Presentation on theme: "The Enlightenment During the 1600s and 1700s, belief in the power of reason grew. Writers of the time sought to reform government and bring about a more."— Presentation transcript:
The Enlightenment During the 1600s and 1700s, belief in the power of reason grew. Writers of the time sought to reform government and bring about a more just society. Despite opposition from government and Church leaders, Enlightenment ideas spread, and helped to form the concepts of democracy and nationhood. Overview
The Enlightenment Enlightenment – The period in the 1700s in which people rejected traditional ideas and supported a belief in human reason.
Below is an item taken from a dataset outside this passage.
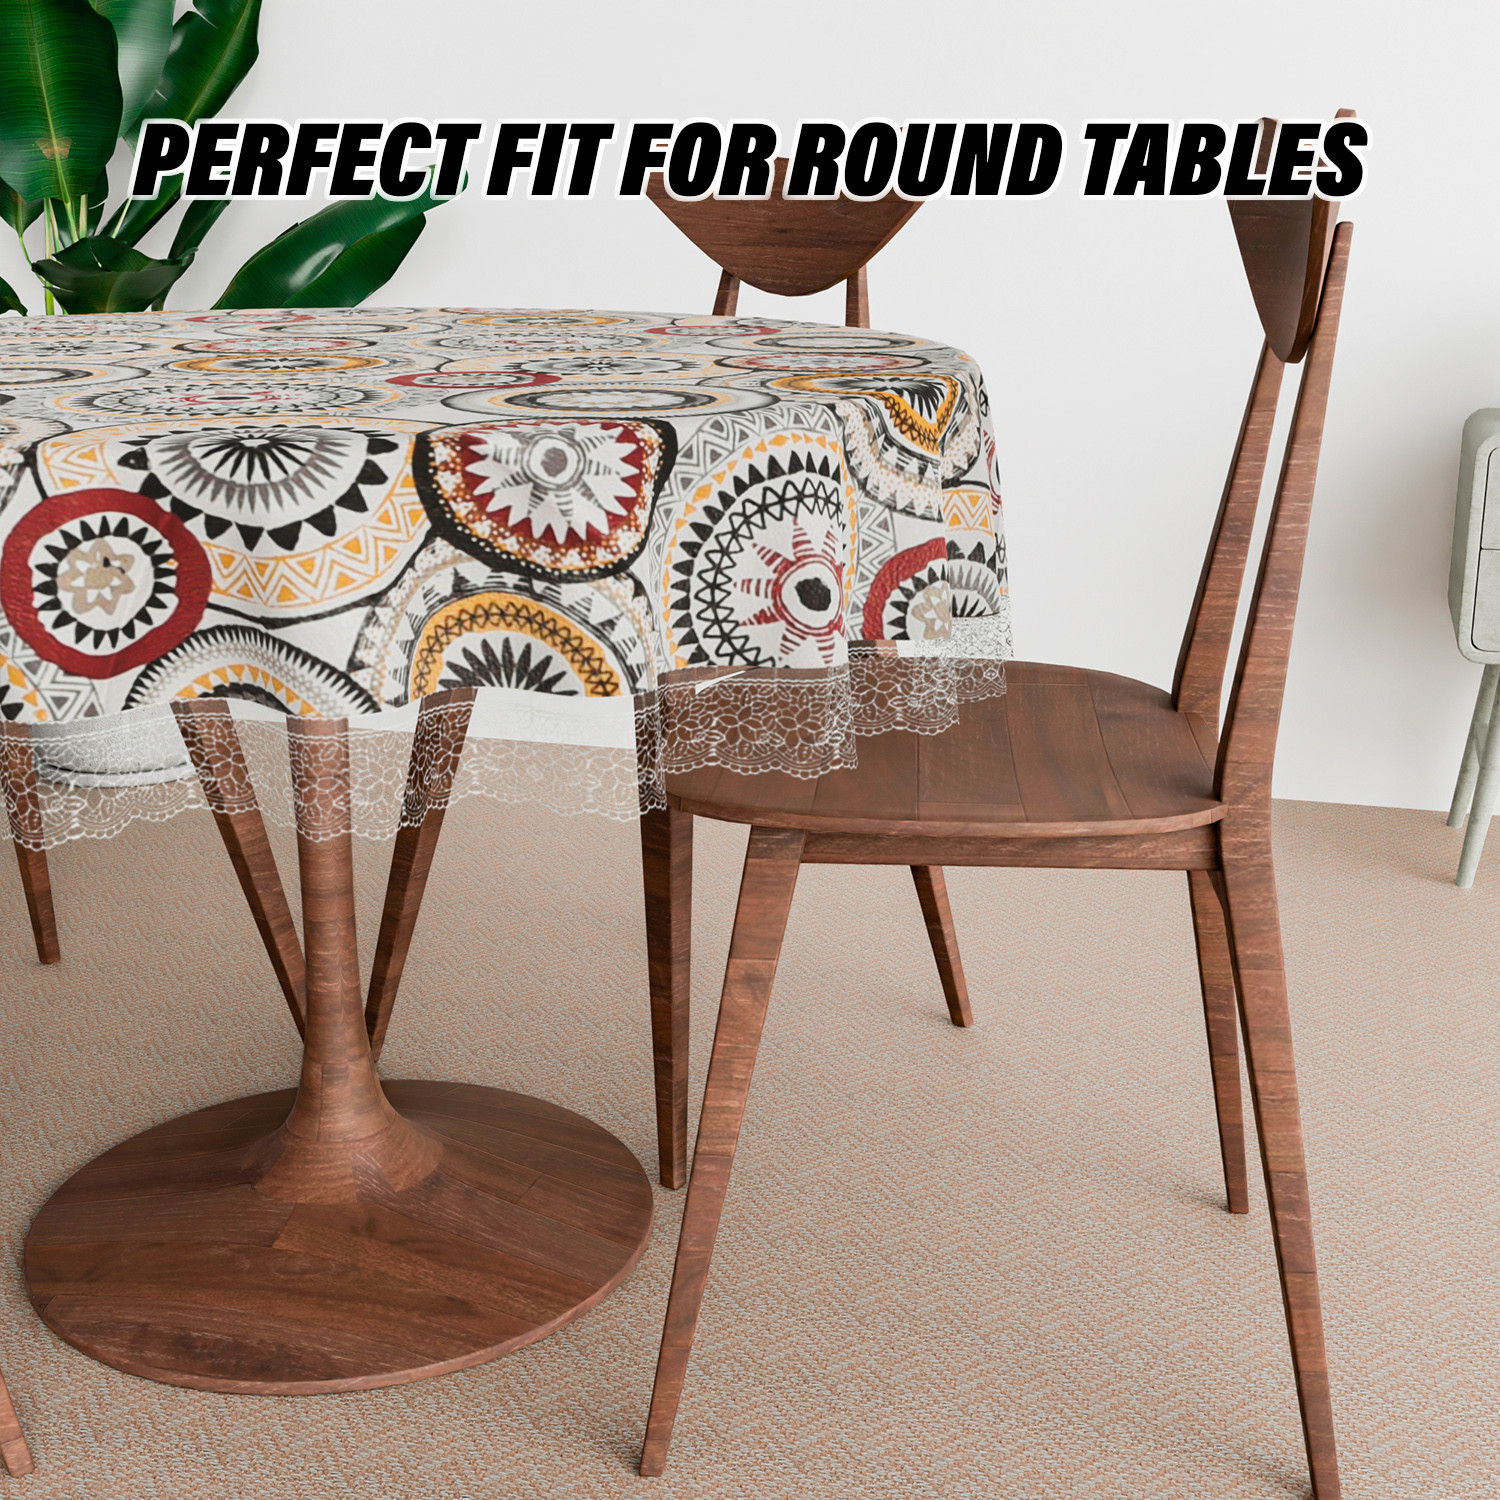 Kuber Industries Round Table Cover | PVC Table Cloth for Round Tables | 4 Seater Round Table Cloth | Rangoli Kitchen Dining Tablecloth | Tabletop Cover | 60 Inch | White

Thinkers: Thomas Hobbes John Locke Montesquieu Voltaire Denis Diderot Jean-Jacques Rousseau Mary Wollstonecraft Adam Smith Natural Laws – According to some philosophers, rules that govern human nature.
Thomas Hobbs Wrote: Leviathan Thomas Hobbes believed that people were greedy and selfish, and that only a powerful government could create a peaceful, orderly society.
Thomas Hobbs Social Contract – An agreement by which people give up a state of nature for an organized society. Hobbes came to this view during the English Civil War, and favored absolute monarch, which could impose order and compel obedience.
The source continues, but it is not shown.